I found this view And I am sure that 5 minutes for you to answer this question will give me a lot more knowledge.

I understand the fact the the view is created and given the name film_list and the AS defines what this view is going to retrieve.

Then we select from the Schema or Database film the field film_id and define it AS FID.

Q1. Why do we do that? What is the main purpose of this definition?

... The statement continues until GROUP_CONCAT.

Q2. What is the difference between CONCAT, that already combines the two fields to one element, and GROUP_CONCAT ?

.. Then the FROM syntax. Now we choose the schemas and tables to select from.
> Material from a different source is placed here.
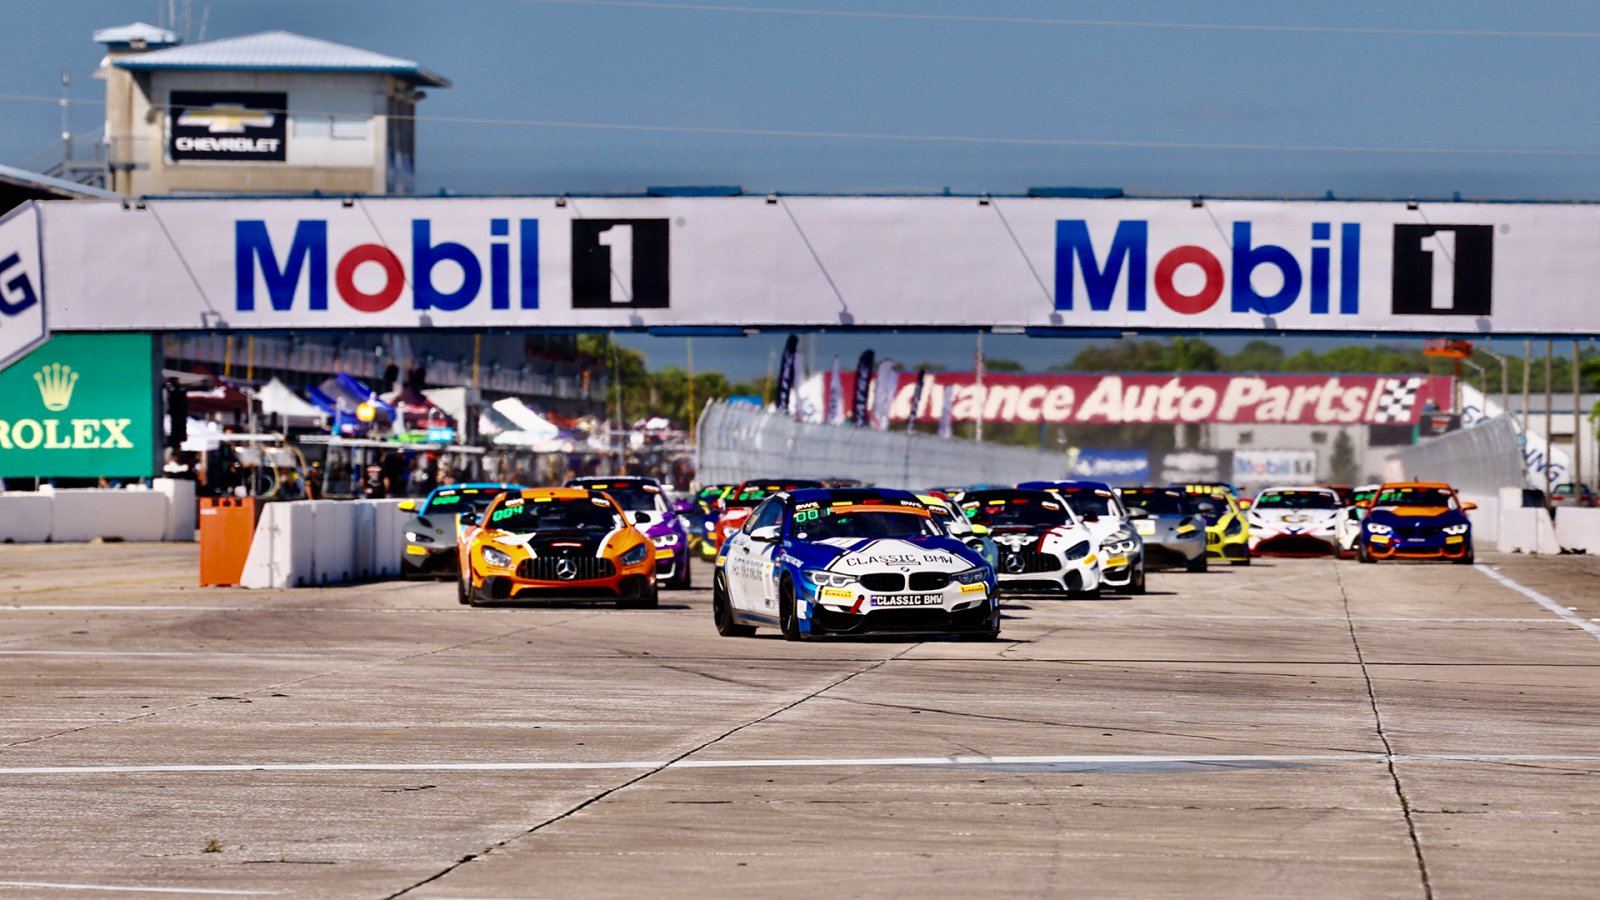 Mercedes-AMG, Porsche, BMW Claim Class Victories in First Sebring Race
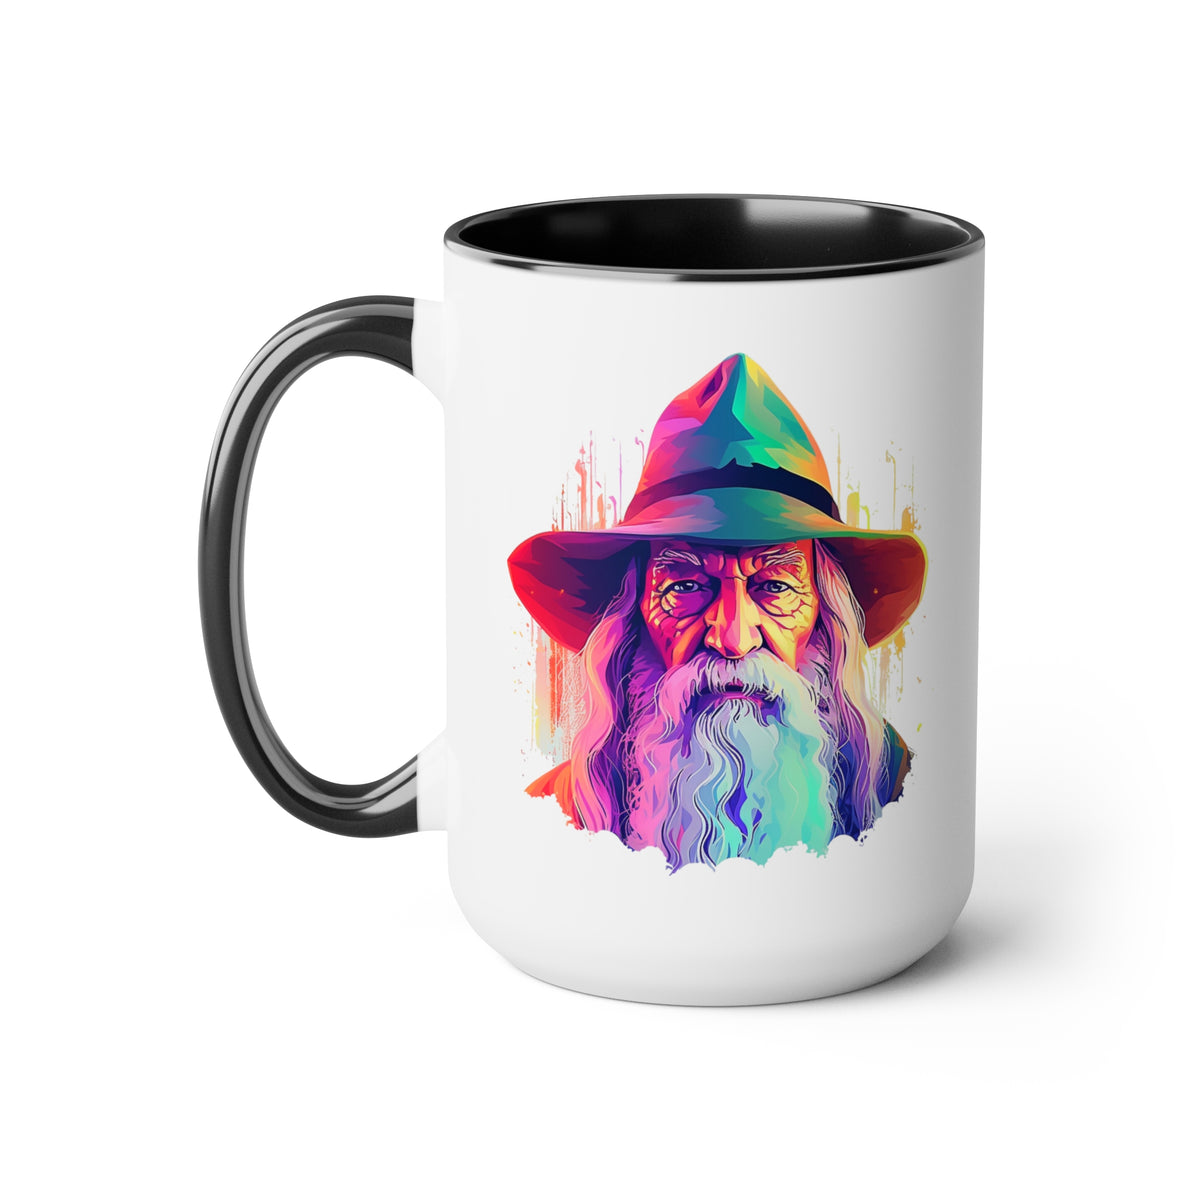 Magical Mornings with our Gandalf Coffee Mug

After reading on w3schools, I understand the INNER JOIN, FULL JOIN, LEFT JOIN and RIGHT JOIN statements, but not the JOINonly statement.

Q3. Which requirements does the JOIN statement have?

.. Okay now.. This one I haven't been able to find anything about.

Q4. What is the ON statement, and what is it good for?

The GROUP BY statement I understand.. The SQL simply groups everything together related to the film_id

CREATE VIEW film_list 
AS 
SELECT film.film_id AS FID,
film.title AS title,
film.description AS description,
category.name AS category,
film.rental_rate AS price,
film.length AS length,
film.rating AS rating,
GROUP_CONCAT(CONCAT(actor.first_name, _utf8' ', actor.last_name) SEPARATOR ', ') AS actors
FROM category LEFT JOIN film_category ON category.category_id = film_category.category_id
LEFT JOIN film ON film_category.film_id = film.film_id
JOIN film_actor ON film.film_id = film_actor.film_id 
JOIN actor ON film_actor.actor_id = actor.actor_id 
GROUP BY film.film_id

Q5. What would the correct way to display returned data be?

I assume that the view would create some kind of table during the SELECT statement. Usually I would be able to simply echo a row in PHP. Is that still possible, and if so - how would I have to do? Because usually I echo like this echo $row['field_name'] but how would I know which field to call? Is that why we defined the elements with FID, title, desciption etc.?

In my MySQL database I have 14 different tables each one containing a little bit information about a cooking recipe.

Q6. Would a view be ideal for me to use when having that amount of tables to search in?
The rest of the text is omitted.